Matt Hancock, UK Government Health Secretary, said in a speech in July at the Royal College of Physicians – about the future of healthcare – that the pandemic ‘crisis’ had shown that “patients and clinicians alike, not just the young, want to use technology.”
He cited figures that had shown in the four weeks leading up to 12 of April this year, 71% of routine GP consultations were delivered remotely, with about 26% face to face. In the same period a year ago, this was reversed: 71% face-to-face and 25% remotely.
He said: “Now of course there always has to be a system for people who can’t log on. But we shouldn’t patronise older people by saying they don’t do tech. The feedback from this transformation has been hugely positive.
“And especially valued by doctors in rural areas, who say how it could save long travel times for doctors and patients.
“So from now on, all consultations should be teleconsultations unless there’s a compelling clinical reason not to.”
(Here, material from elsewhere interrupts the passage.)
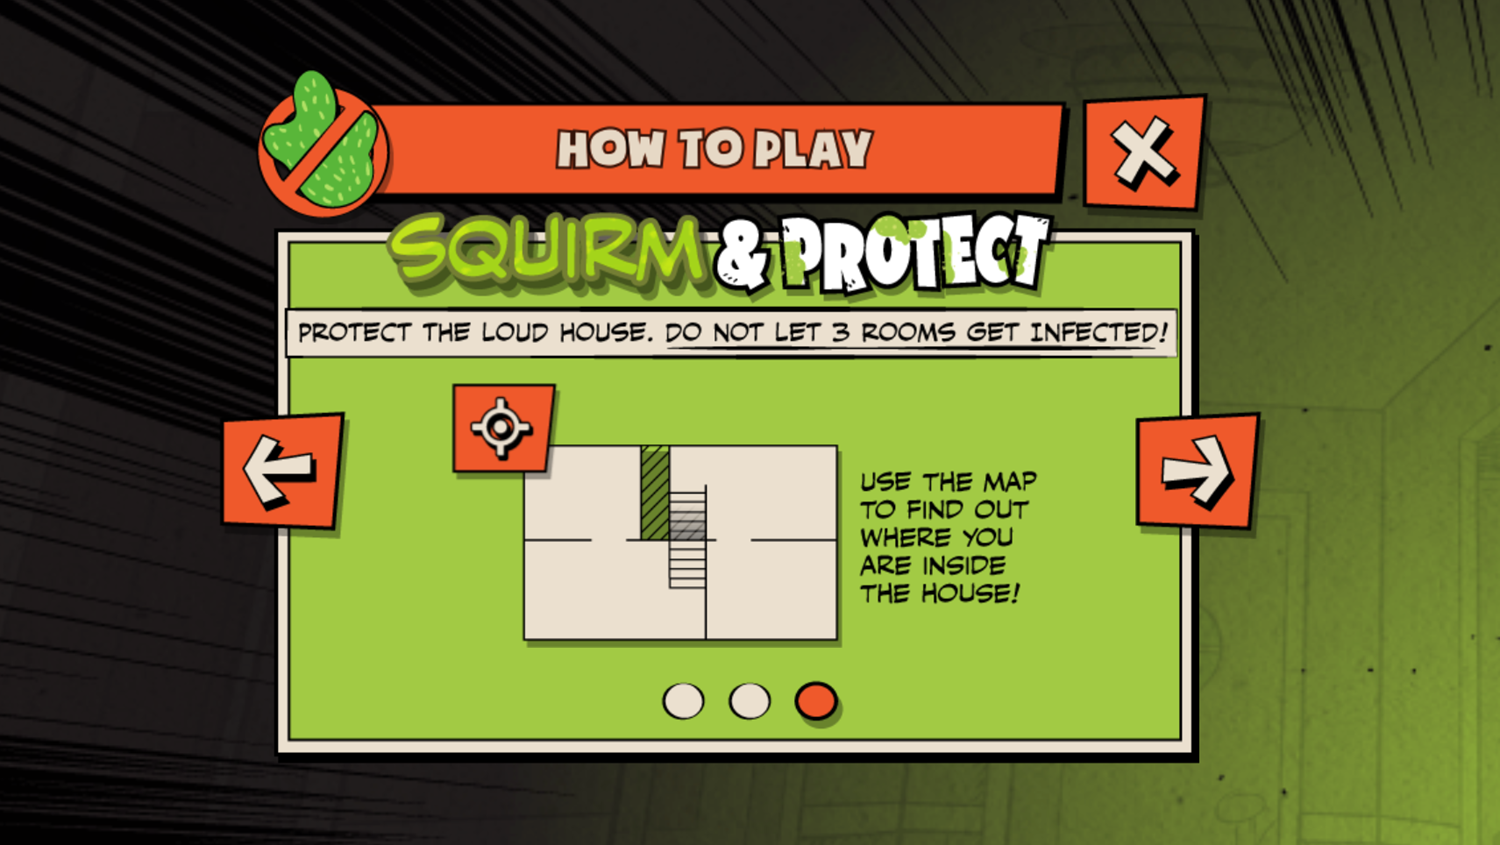 Loud House Germ Squirmish Game Squirm and Protect Play Tips Screenshot.
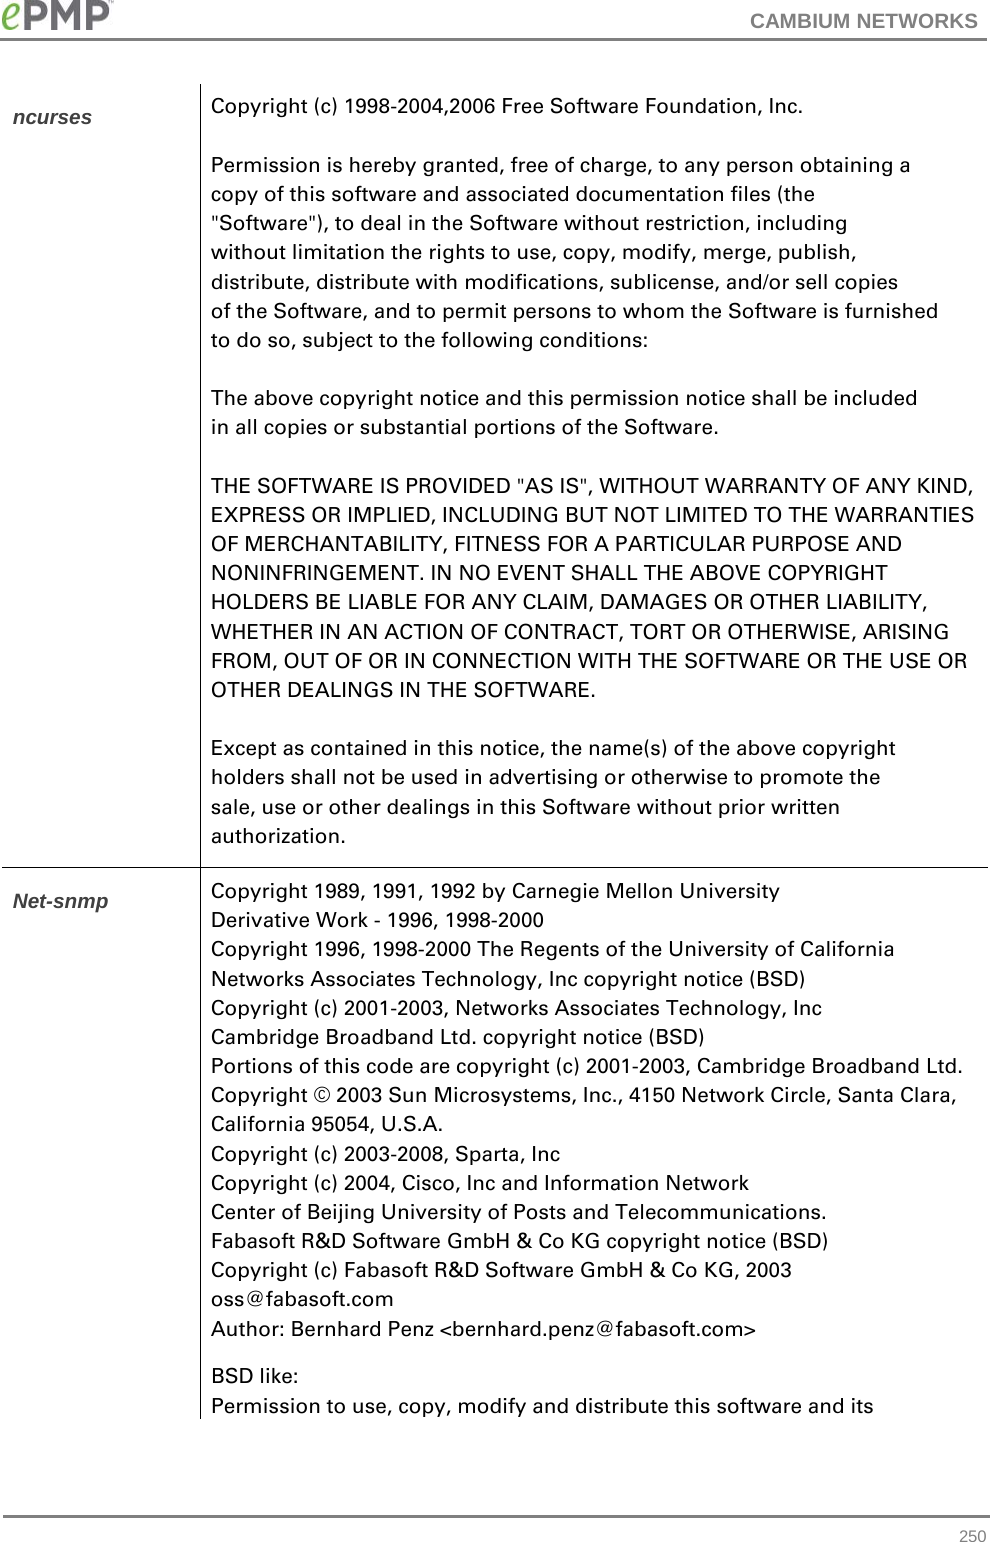 CAMBIUM NETWORKS  ncurses Copyright (c) 1998-2004,2006 Free Software Foundation, Inc.                                                                                           Permission is hereby granted, free of charge, to any person obtaining a    copy of this software and associated documentation files (the              &quot;Software&quot;), to deal in the Software without restriction, including        without limitation the rights to use, copy, modify, merge, publish,        distribute, distribute with modifications, sublicense, and/or sell copies  of the Software, and to permit persons to whom the Software is furnished   to do so, subject to the following conditions:                                                                                                        The above copyright notice and this permission notice shall be included    in all copies or substantial portions of the Software.                                                                                                THE SOFTWARE IS PROVIDED &quot;AS IS&quot;, WITHOUT WARRANTY OF ANY KIND, EXPRESS OR IMPLIED, INCLUDING BUT NOT LIMITED TO THE WARRANTIES OF MERCHANTABILITY, FITNESS FOR A PARTICULAR PURPOSE AND NONINFRINGEMENT. IN NO EVENT SHALL THE ABOVE COPYRIGHT HOLDERS BE LIABLE FOR ANY CLAIM, DAMAGES OR OTHER LIABILITY, WHETHER IN AN ACTION OF CONTRACT, TORT OR OTHERWISE, ARISING FROM, OUT OF OR IN CONNECTION WITH THE SOFTWARE OR THE USE OR OTHER DEALINGS IN THE SOFTWARE.                                                                                                                Except as contained in this notice, the name(s) of the above copyright     holders shall not be used in advertising or otherwise to promote the       sale, use or other dealings in this Software without prior written         authorization.                                                           Net-snmp Copyright 1989, 1991, 1992 by Carnegie Mellon University Derivative Work - 1996, 1998-2000 Copyright 1996, 1998-2000 The Regents of the University of California  Networks Associates Technology, Inc copyright notice (BSD)  Copyright (c) 2001-2003, Networks Associates Technology, Inc        Cambridge Broadband Ltd. copyright notice (BSD)  Portions of this code are copyright (c) 2001-2003, Cambridge Broadband Ltd.  Copyright © 2003 Sun Microsystems, Inc., 4150 Network Circle, Santa Clara, California 95054, U.S.A.  Copyright (c) 2003-2008, Sparta, Inc   Copyright (c) 2004, Cisco, Inc and Information Network Center of Beijing University of Posts and Telecommunications.  Fabasoft R&amp;D Software GmbH &amp; Co KG copyright notice (BSD)  Copyright (c) Fabasoft R&amp;D Software GmbH &amp; Co KG, 2003 oss@fabasoft.com Author: Bernhard Penz &lt;bernhard.penz@fabasoft.com&gt; BSD like:                                                                                                                     Permission to use, copy, modify and distribute this software and its  250

The speech provoked reaction from doctors’ representative bodies, including the Royal College of General Practitioners.
Professor Martin Marshall, Chair of the Royal College of GPs, said: “A totally, or even predominantly, remote general practice service wouldn’t be in anybody’s best interests long-term, and throughout the pandemic face to face appointments have been facilitated when they’ve been necessary.
“Remote consultations have benefits – they can be convenient for patients, and GPs have reported they have found them to be an efficient way of delivering care – but there are some things that simply can’t be done remotely, for example, when a physical examination is necessary or for a vaccination. Many patients also prefer seeing their GP in person, and many GPs prefer this too, particularly for patients with complex health needs who really value the relationship-based care that GPs excel at delivering.”
Dr Andrew Cowie, deputy chair of the BMA’s Scottish GP Committee, said: “It’s fair to say that we will need to embed the kind of digital innovations that have supported more remote consultations throughout the past few months. These are necessary to cut down footfall in GP practices, and reduce the risk of transmitting COVID-19 in waiting rooms.
“However in some cases the only really effective way to assess a patient is face to face, for example patients who require physical examinations, or those who are hard of hearing. There are also patients who do not have easy access to the devices necessary for consultation at a distance. For all these reasons, as well as patient preference, we hope to gradually increase the number of face to face consultations as it becomes safe and possible to do so. In those circumstances GPs need continued and assured supplies of PPE for the long-term – something which improved significantly after a slow start earlier this year.
“Currently we are working closely with RCGP Scotland and Scottish Government to develop the current Covid Community Pathway. If the resources to the Covid Assessment Centres can be increased we hope to see them able to assess all respiratory conditions; streaming possible COVID-19 away from General Practice and A&E, and protecting staff and vulnerable patients needing non-Covid services. Assuming this is successful we hope to be able to continue increasing the numbers of patients seen face to face over the upcoming months.”